The Beecham Estates and Pills Limited owned Covent Garden between 1924 and 1928, when it was transferred to another compay part-owned by the Beechams, called Covent Garden Properties. They sold some of the local properties, using the money to invest in property across other parts of London.

Market Traders 1950

Two minutes of silent footage recorded in 1950 shows what an important commercial centre Covent Garden’s streets once were.

Various – Covent Garden (1950) – British Pathé on YouTube

In 1962, the newly established government body the Covent Garden Authority paid £3,925,000 for the market and bulk of remaining properties in the area.

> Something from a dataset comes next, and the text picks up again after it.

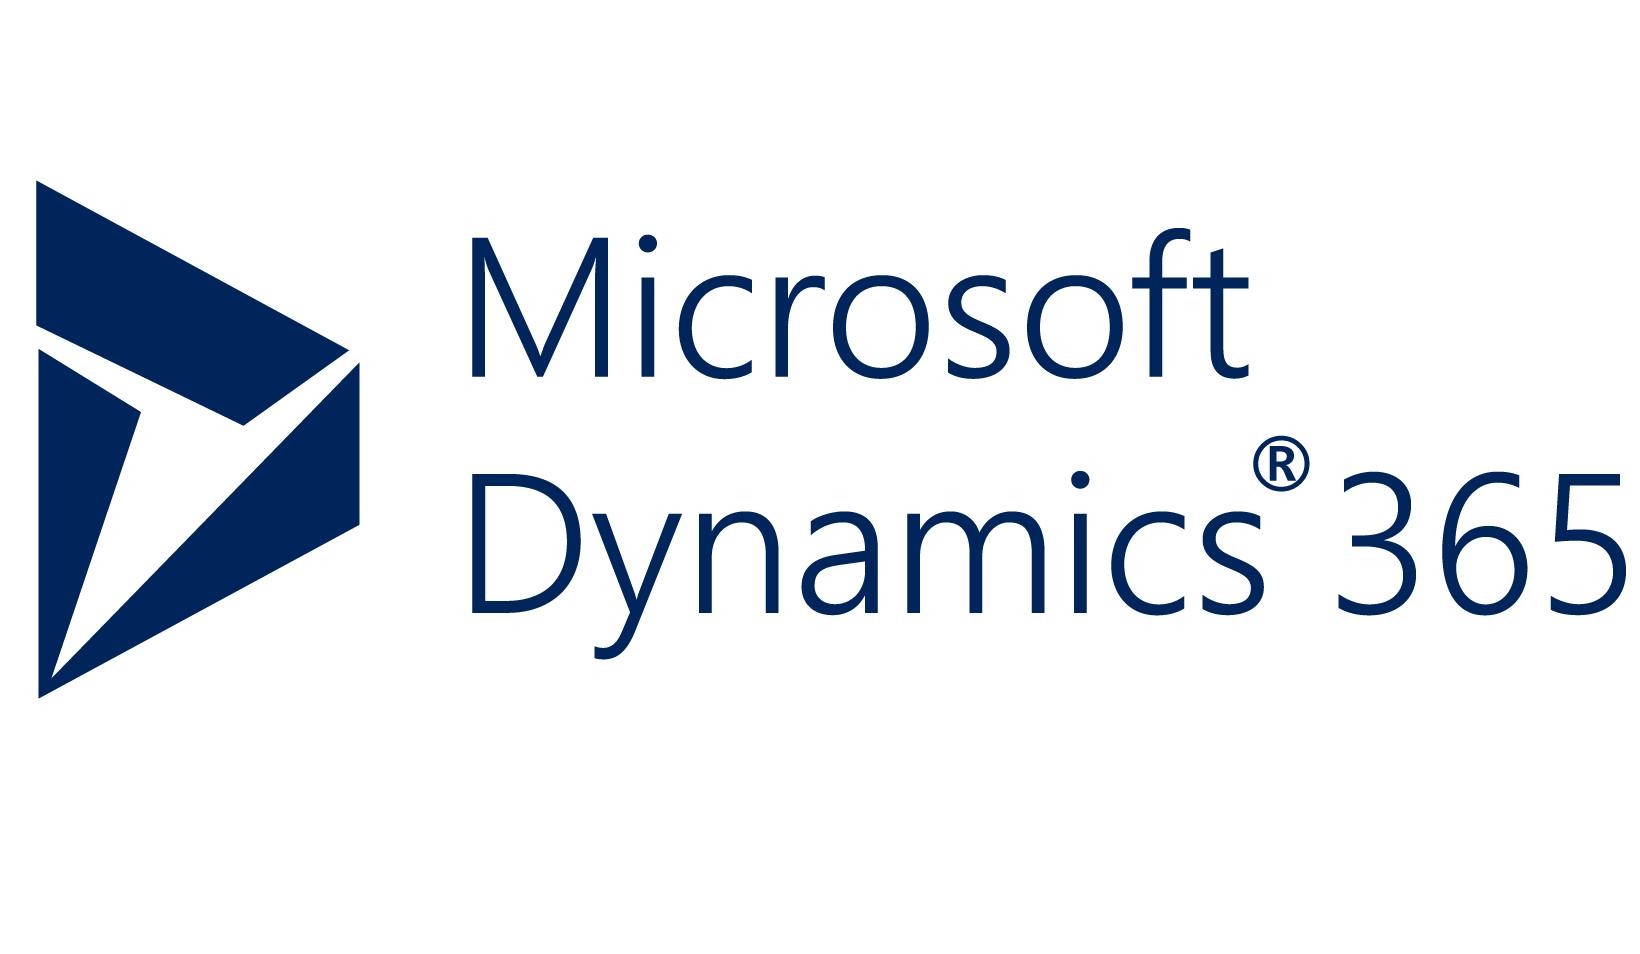 dynamics-365-logo-1.png

They had plans to rip down the historic market, since the facilites and local roads were completely unsuitable for modern vehicles, and redevelop the area.

Redevelopment Plans 1971

In 1971, local people fought hard to save their community. The local authority wanted to rehouse tenants and tear their homes down for redevelopment.

But that would mean leaving all the friends and relatives they saw on a daily basis.

Even the policeman was happy to take a protest leaflet to read later.

The final word is given to a man who says that the area’s redevelopment will lead to high costs of living and the working classes will be pushed away by the middle classes. 

1970s Covent Garden | Locals refuse to be moved! | 1970s London | Have your say | Today | 1971: ThamesTv (YouTube)

Thankfully this caused an outcry, leading to the listing of the buildings around the square in 1973. 

Instead, the market found new premises in Nine Elms.

The Covent Garden market was redeveloped as a shopping centre in 1980, becoming one of London’s tourist hot spots. It was sold, along with several other properties in the area, to a property investment company in 2006.

In 2021, the average cost of a flat in the Covent Garden area was almost £1.5 million, well beyond the majority of households in the UK.